### DATA SHOWN
--------
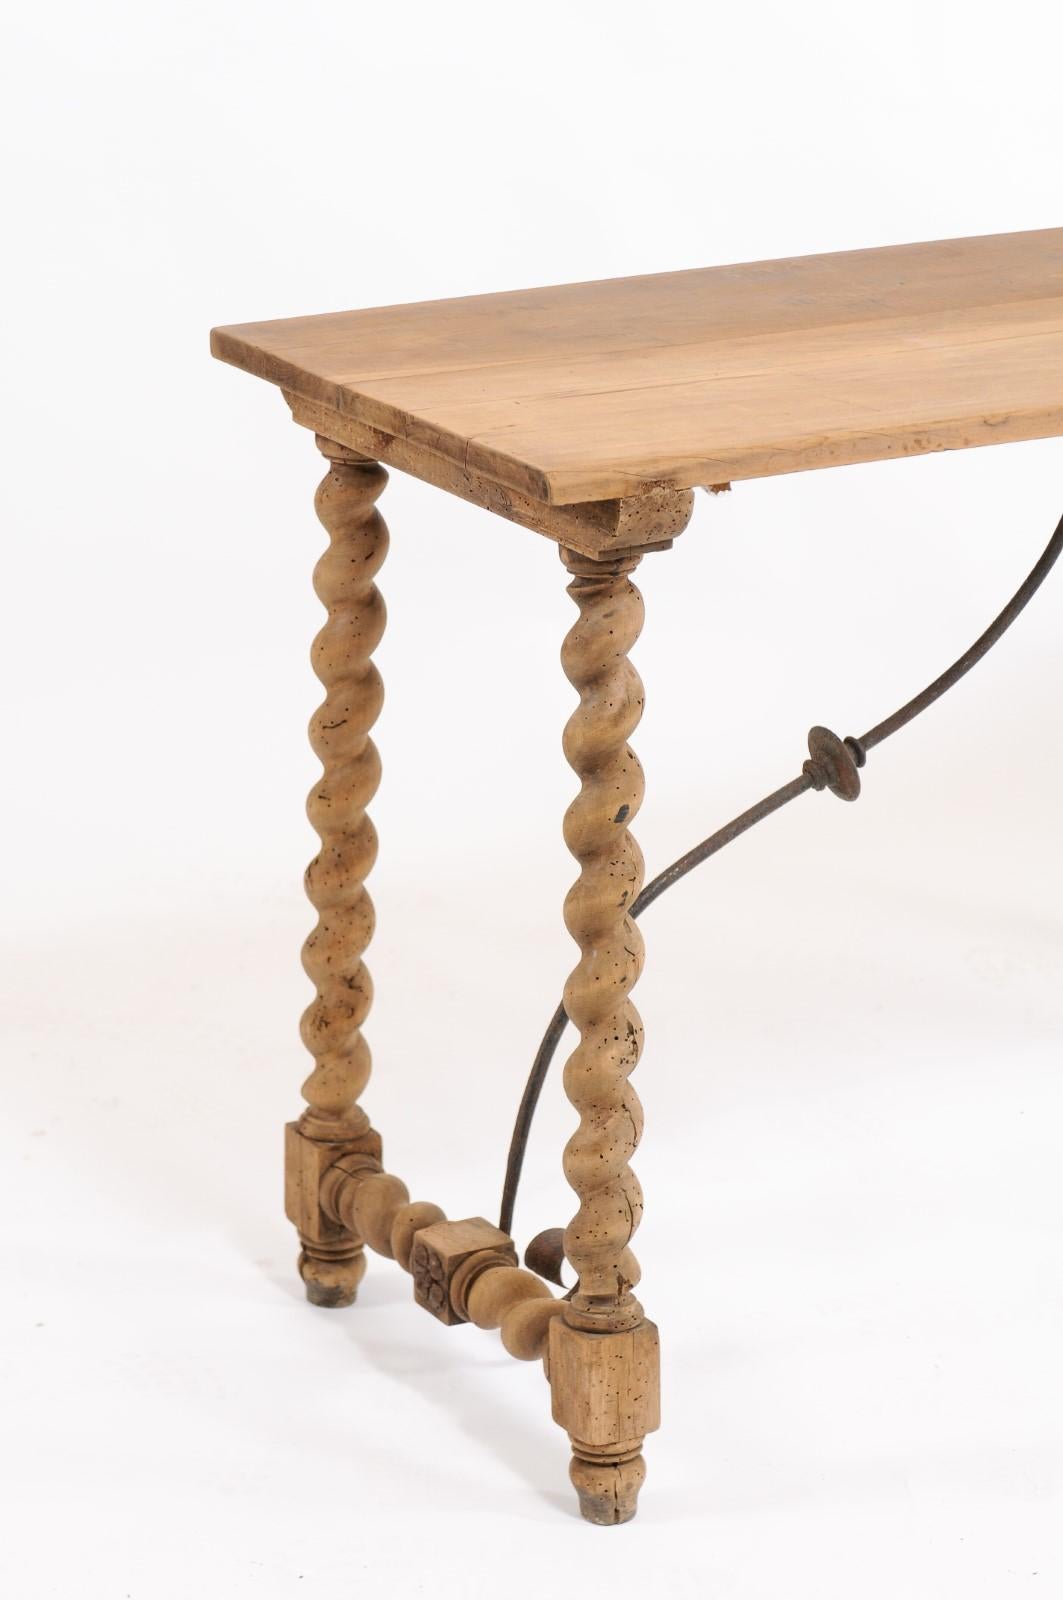 Forged Spanish 1920s Baroque Style Oak Console Table with Barley Twist Trestle Base
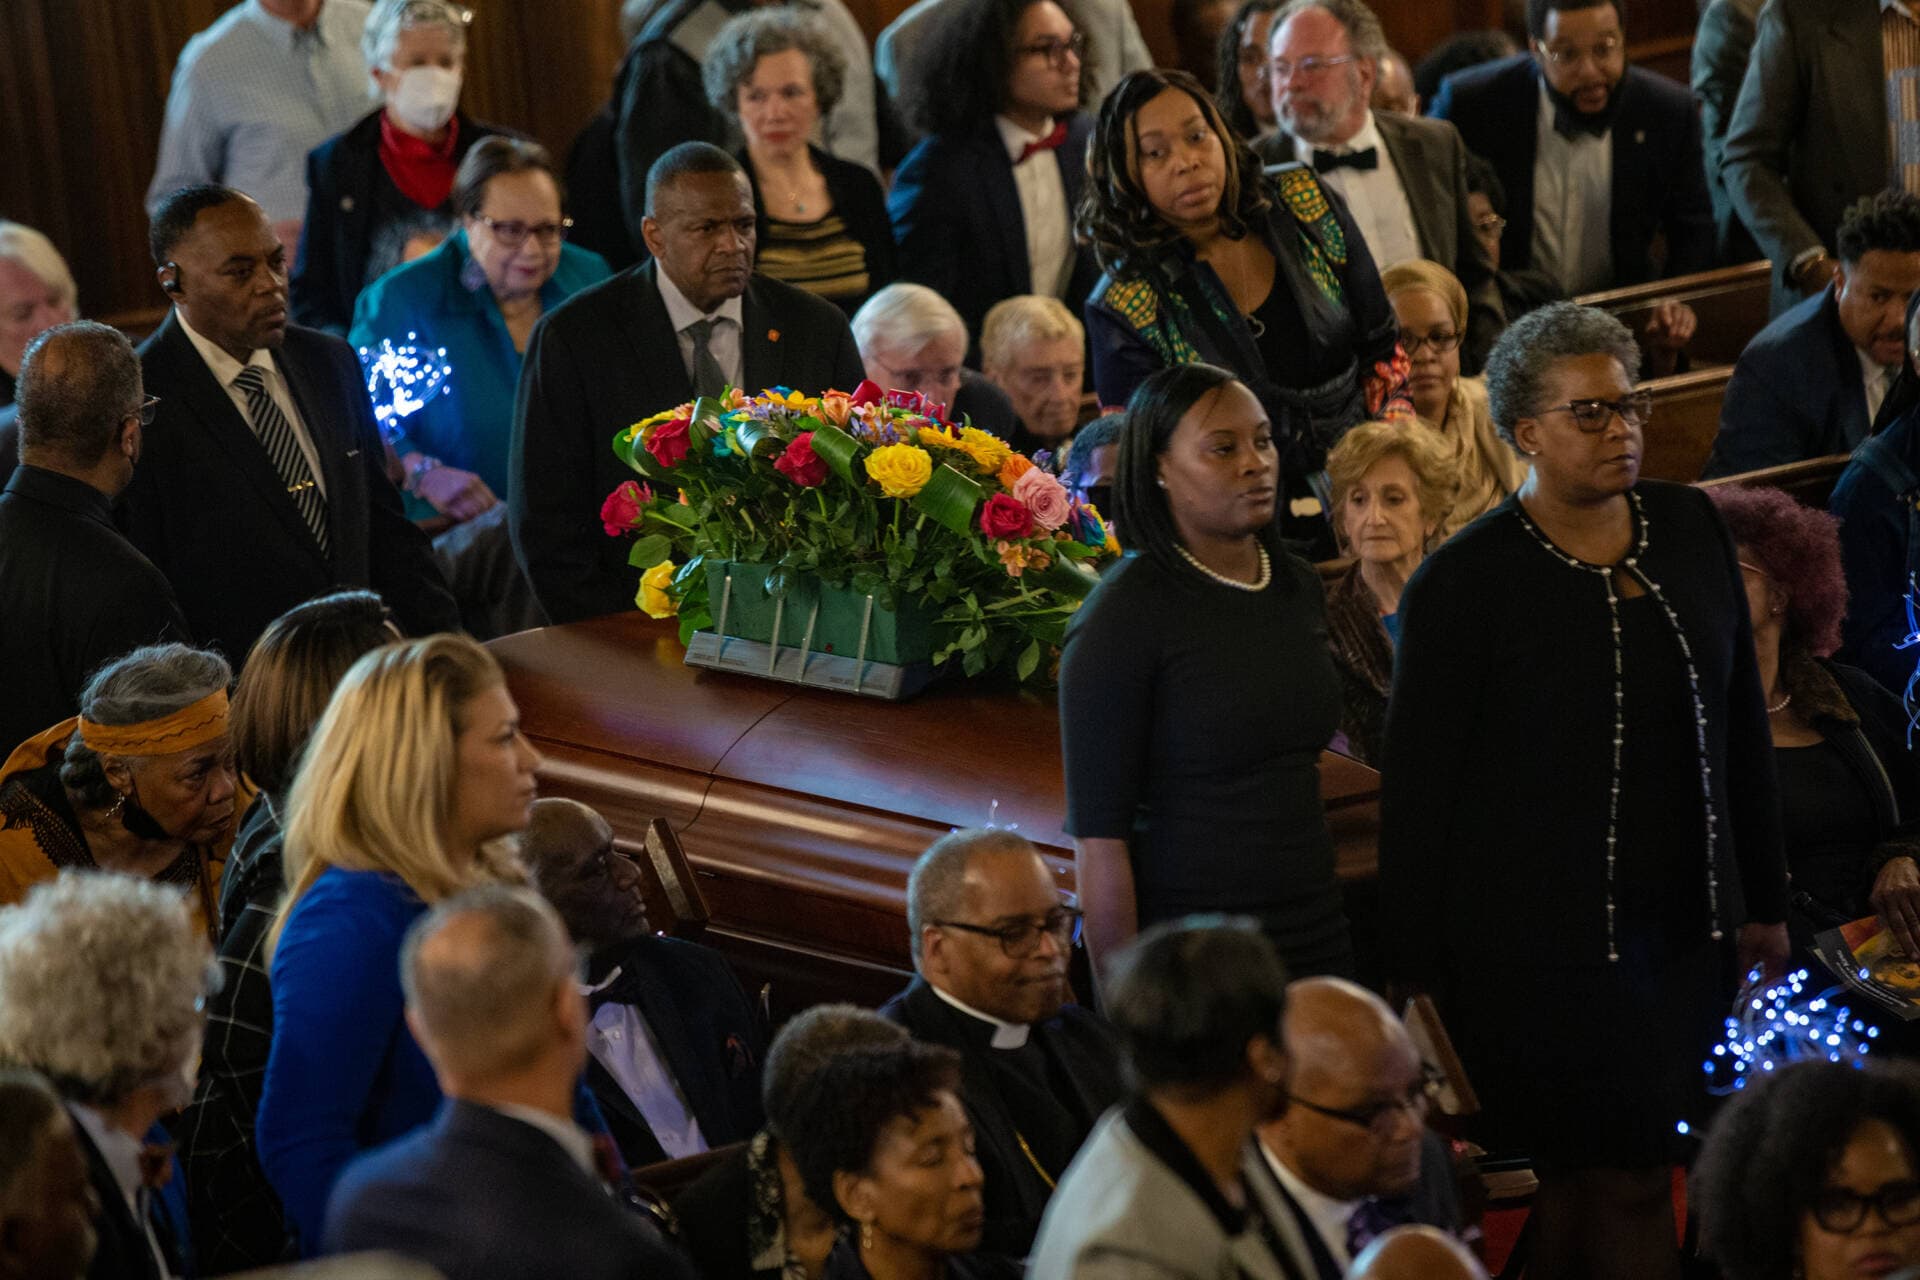 Pallbearers place the casket of Mel King down the aisle during funeral service at Union United Methodist Church in the South End. (Jesse Costa/WBUR)
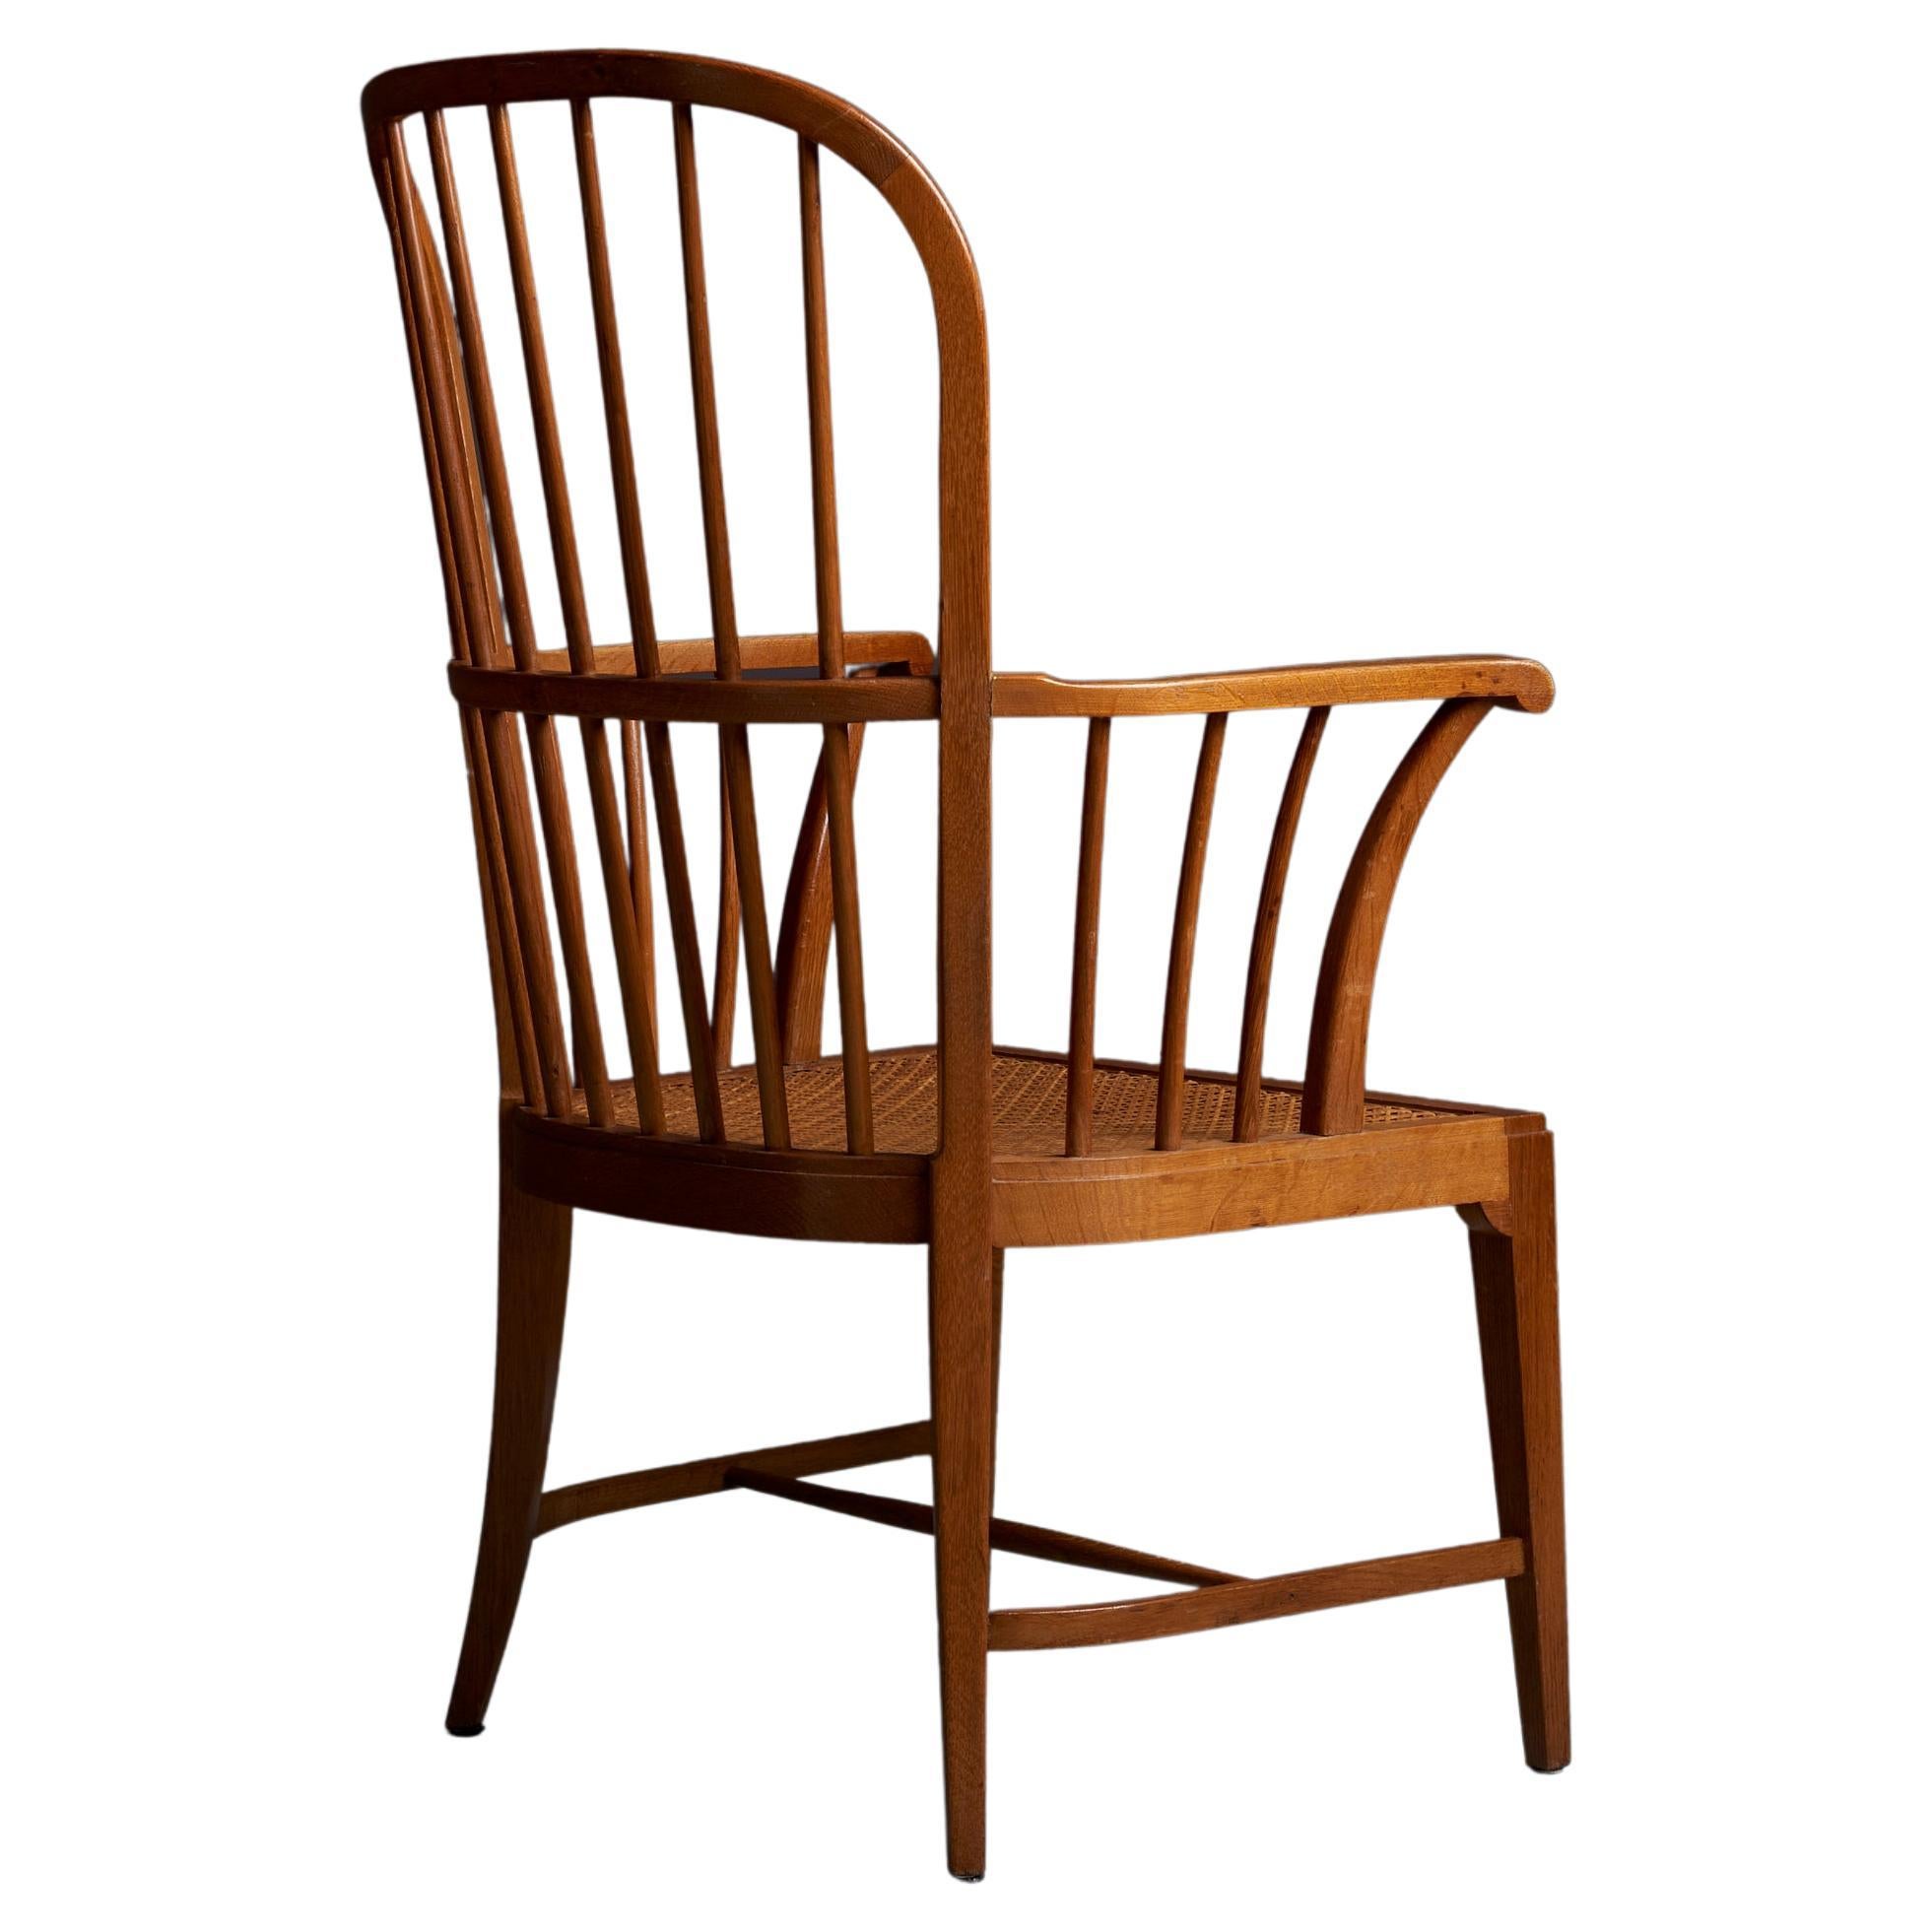 Mid-Century Modern Danish windsor chair in oak in excellent condition. The webbed seat is also perfect.

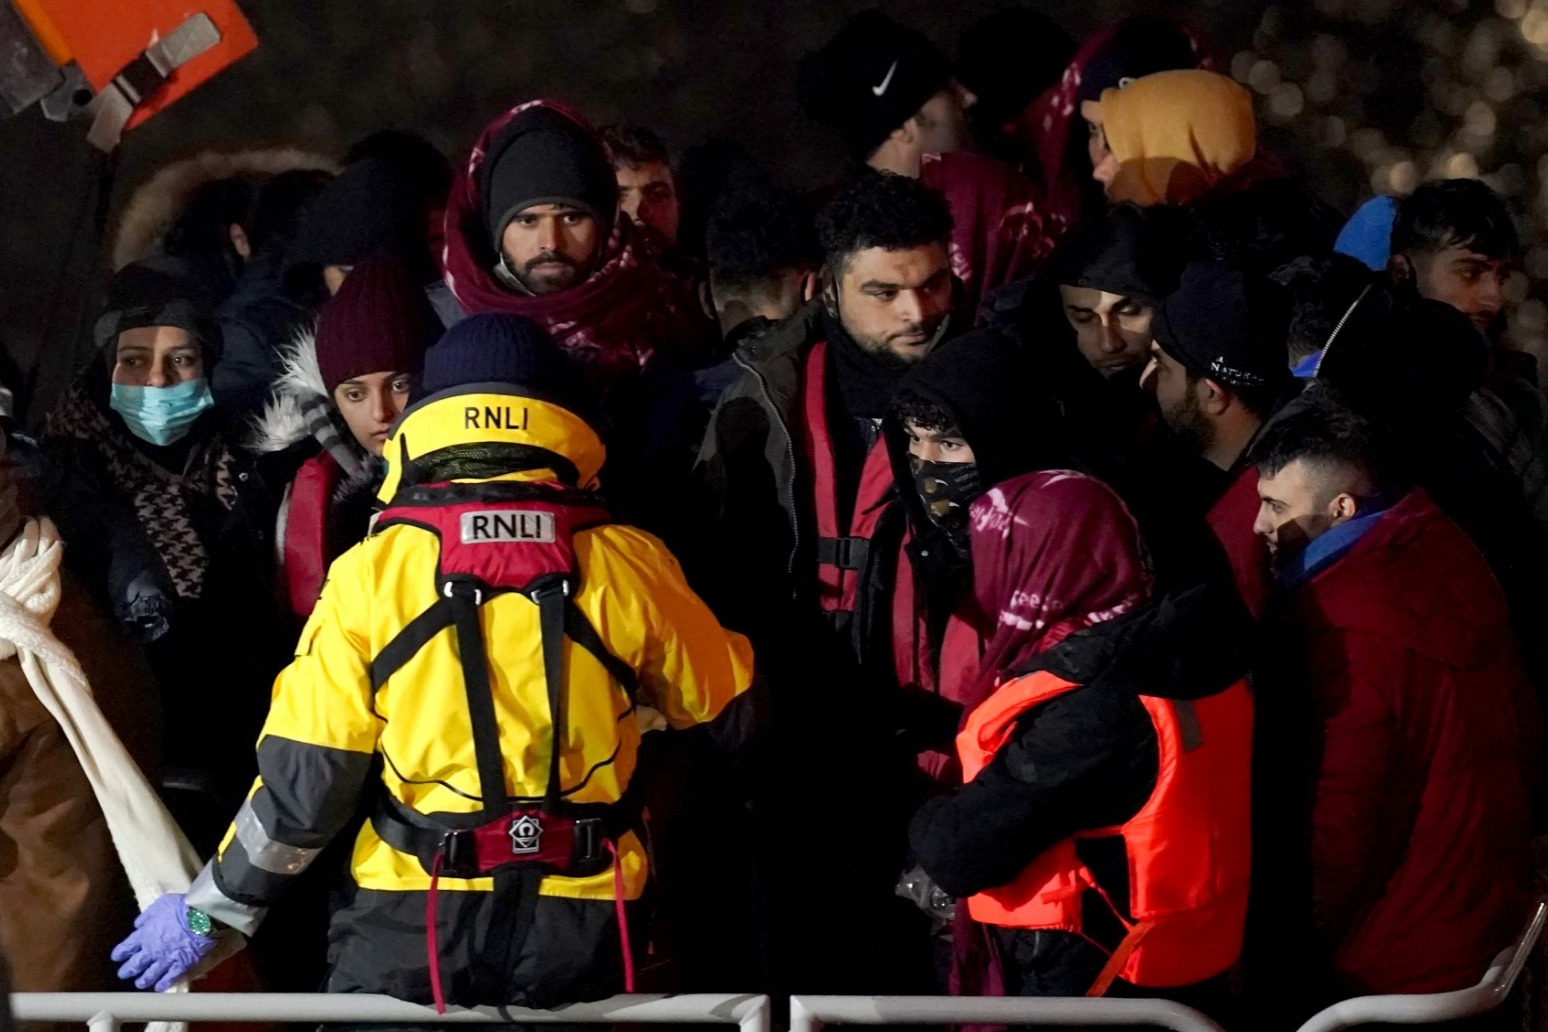 More migrants rescued from Channel following crossing death
--------
### AIM OF THE EXERCISE
Retype exactly, and only, the lines from the one containing "Pallbearers place the" through the end of the material, leaving aside every picture.

### RESPONSE
 Pallbearers place the casket of Mel King down the aisle during funeral service at Union United Methodist Church in the South End. (Jesse Costa/WBUR)
 Mid-Century Modern Danish windsor chair in oak in excellent condition. The webbed seat is also perfect.

 More migrants rescued from Channel following crossing death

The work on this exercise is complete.